— Слышит моё сердце, что старец святой Адриан никогда бы не принял эту даму, не явись она к нему вместе с вами.
— Он что же, знал чего-нибудь о ней?
— Ему и знать не надо; он одним своим чутьём человека насквозь видит.
Скажу тут кстати: много у меня приятелей здесь в городе на Неве появилось, есть среди них и милые сердцу друзья, но, пожалуй, самый близкий теперь у меня товарищ — этот нечиновный, никакими званиями и наградами не отмеченный человек рабоче-крестьянского сословия. Мне с ним всегда интересно, и каждый раз я с удовольствием с ним встречаюсь.
Ну, а жизнь наша мирская продолжалась; теперь уже, правда, без Дарьи Ивановны, без её роскошного блестящего «Мерседеса».

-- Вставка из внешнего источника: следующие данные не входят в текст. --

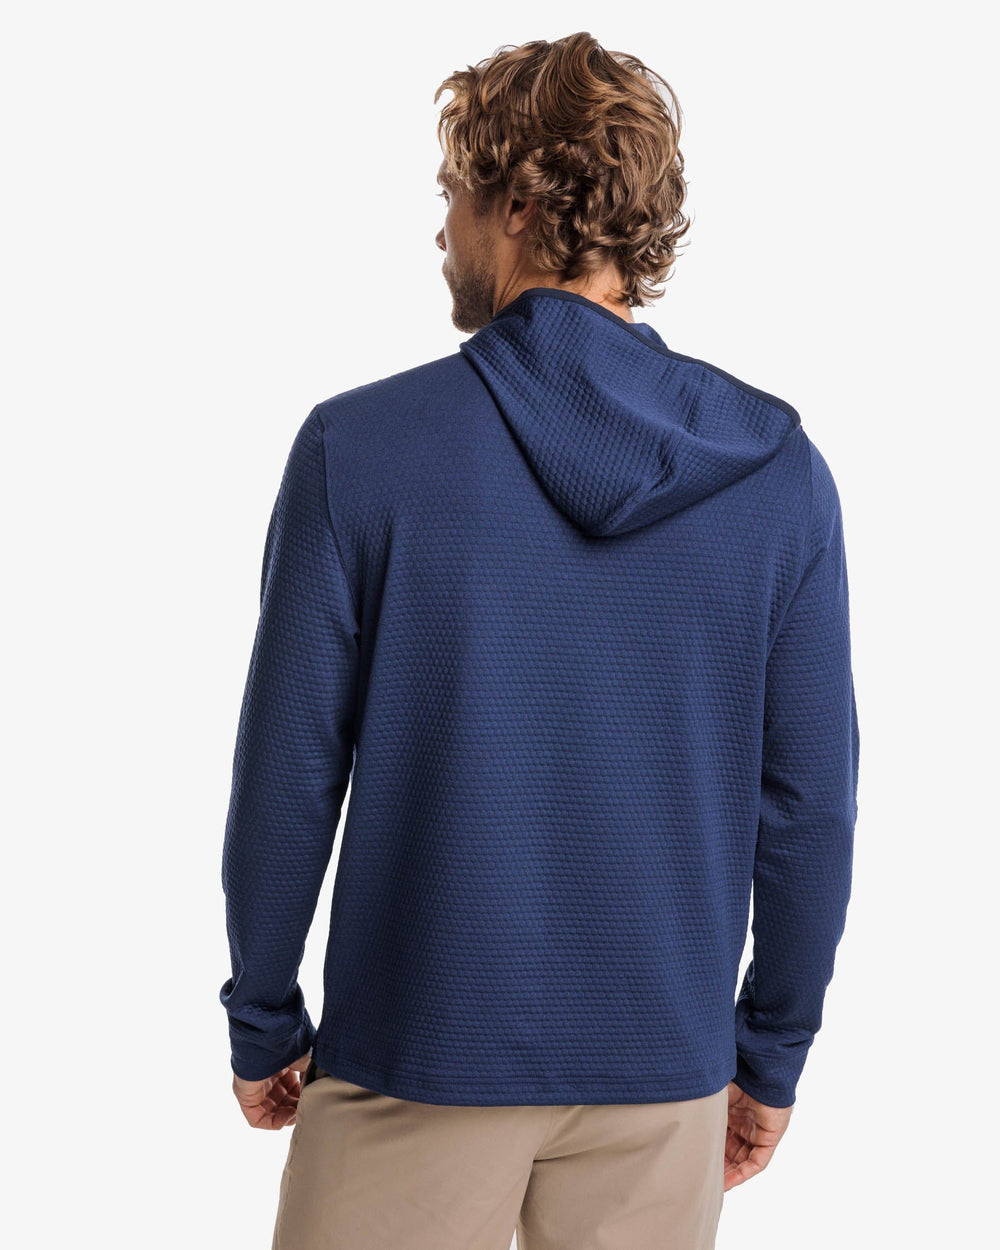 The back view of the Southern Tide Scuttle Heather Performance Quarter Zip Hoodie by Southern Tide - Heather True Navy

Однажды мне позвонил Николай Николаевич Скатов, директор Института русской литературы, известного у нас под именем Пушкинский дом, изъявил желание встретиться. Я пригласил его к себе. Он приехал, и у нас с ним сразу же завязалась дружеская беседа. Мы были знакомы заочно, но встречаться нам не приходилось, и я сразу мог оценить доверие, которое он мне выказывал. Говорил о том, как печатаются при новой власти его книги, какие творческие планы он вынашивает в это смутное для России время, как часто ему приходится бывать в Москве по делам института и как помогают ему высокие государственные мужи из тех, кто ещё недавно жил в Ленинграде и которых он хорошо знал.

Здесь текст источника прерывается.